Bunların dışında yan tuhaflıklarda var. Örneğin, maaşlarımızla verilen ek ödemeler bir nevi çifte vergiyle kırpılıyor ama emekliliğe esas maaş hesabına katılmıyor. Yani, vergisini bolca verdiğimiz paranın maaş gibi emeklilik hayrını görmüyoruz. Görebilen şanslı memurlarda var. Mesela doktorların ek ödemeleri emekliliklerine yansıyor. Ayrıca son torba yasa kapsamında, emekli maaşlarına doğrudan 1.500 -2.000 TL  arasında ek zamlar da yapıldı. Doktorlara helal olsun da, bu işi haksızca yapanlara ve bunlara göz yumup yüzleri kızarmadan başarılıymış gibi gezinen Sağlık-Sen’in ağalarına haram olsun inşallah.

Bordro mahkumlarında durum bu minvalde. Şahıs şirketlerinde de aynı Gelir Vergisi Matrahı  uygulaması var. Bu sefer onlarda vergi kaçırmak için gelirlerini hep düşük gösteriyor ve anlı şanlı meslek mensupları yıl sonunda gariban asgari ücretli kadar vergi ödemeye çalışabiliyorlar.

Diğer ticari şirketler ise sabit %22’lik Kurumlar Vergisini ödüyor. Gelirleri ne olursa olsun aynı oranda vergi hesaplanıyor.

Piyasa verilerini incelediğimizde, her zaman en çok kar eden kuruluşların bankalar olduğunu görüyoruz. Faiz üzerinden işletilen ticari sistemin acımasız oyuncularıdır onlar. Daralan rekabet şartları, yükselen maliyetler, envai çeşit vergi ve harçlar yüzünden iyice bunalan vergi mükellefleri birde bankaların faiz ve ödeme baskılarına maruz kalınca, uygun olmayan yöntemlere de başvurabiliyor.

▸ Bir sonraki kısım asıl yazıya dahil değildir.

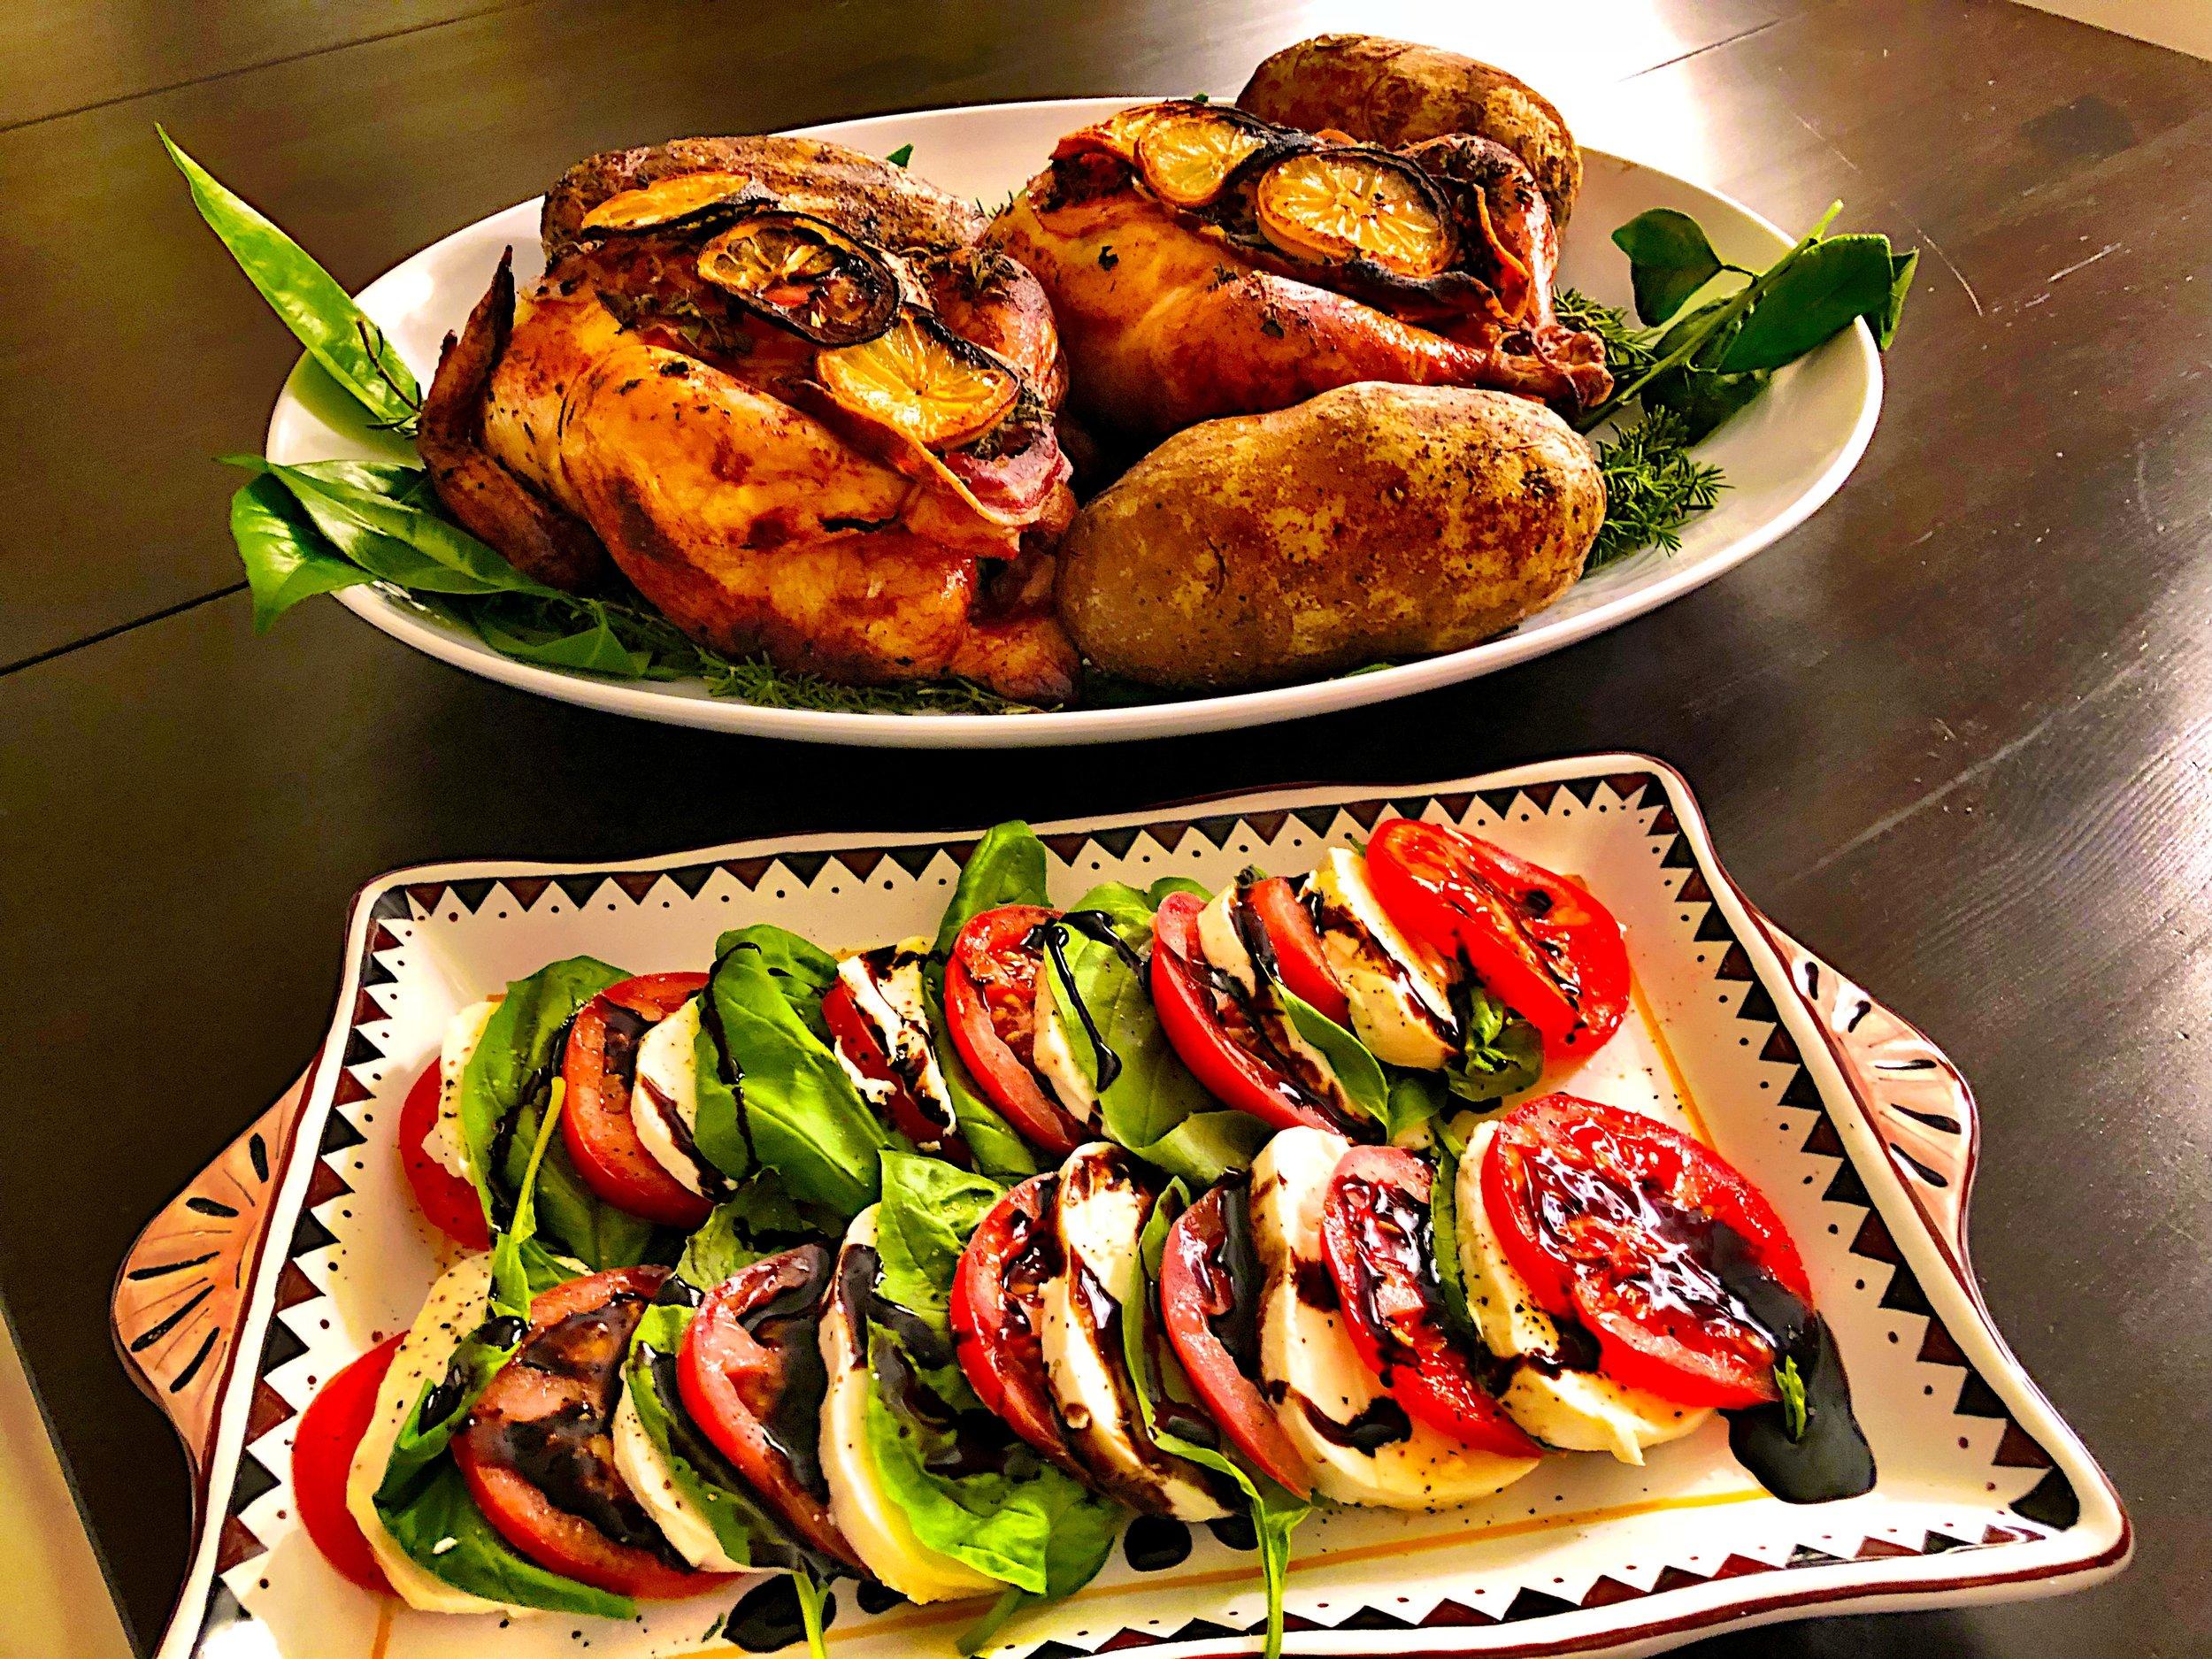 MC's lemon and herb rotisserie chicken, baked potato, and caprese salad.
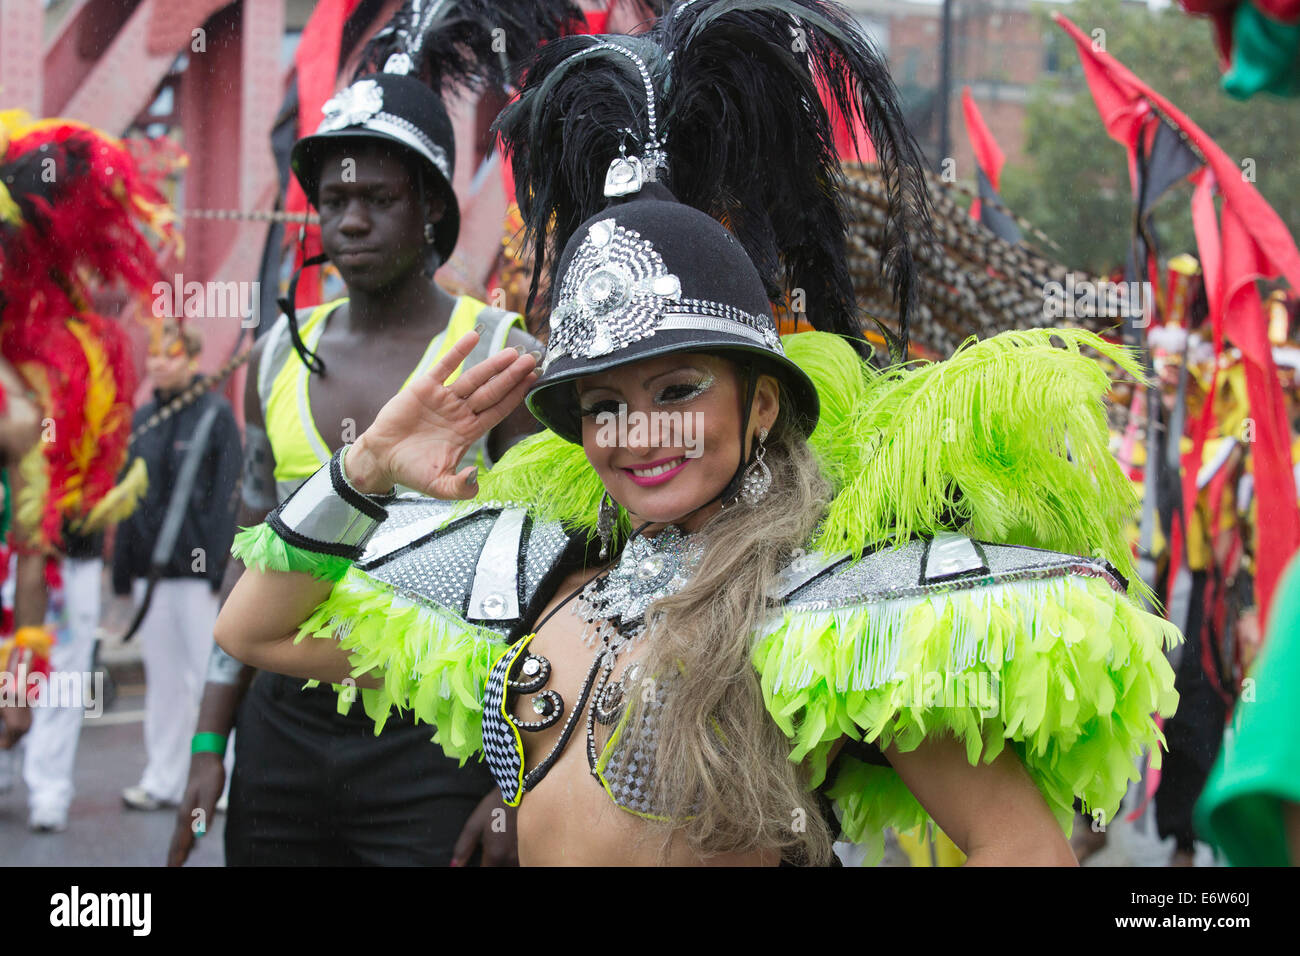 Samba Dancers from the London School of Samba at a rainy Notting Hill Carnival parade, London, UK - Stock Image

Gelirleri düşük göstermek, maaşların bir kısmını resmi yoldan  kalanını elden ödemek gibi.

Uygulanan Gelir Vergisi Matrahı ile haksız ve adaletsiz bir vergilendirme yapılıyor. İşçi ve memurların en yüksek harcama yaptıkları yaz sonlarında maaşları düşüyor, yapılan maaş zamları yok olduğu gibi, refah paylarını da zerre kadar hissetmiyorlar. Yani kaşıkla verilen paralar, kepçeyle geri alınıyor.

Yapılması gereken, tüm bordrolu çalışanlar için %15 gibi sabit bir vergi oranının sürekli uygulanmasıdır. Zamla yükselen maaşlara paralel olarak, kesilen vergi miktarı da artacağından, hakkaniyetli vergilendirme yapılacak ve geriye kalan maaş zammı gerçekten hissedilecektir. Asgari ücretlilerde bu verginin tamamen kaldırılması veya en fazla %5 gibi rakamlara düşürülmesi herkes açısından hayırlı olacaktır.

Çalışanlar için her yıl tekrarlanan bu haksızlığın, tez zamanda giderilmesi ricası ve duasıyla…

 

 

 

Konu Danışmanım Mali Müşavir Bağımsız Denetçi Serkan BULUT’a teşekkür ederim.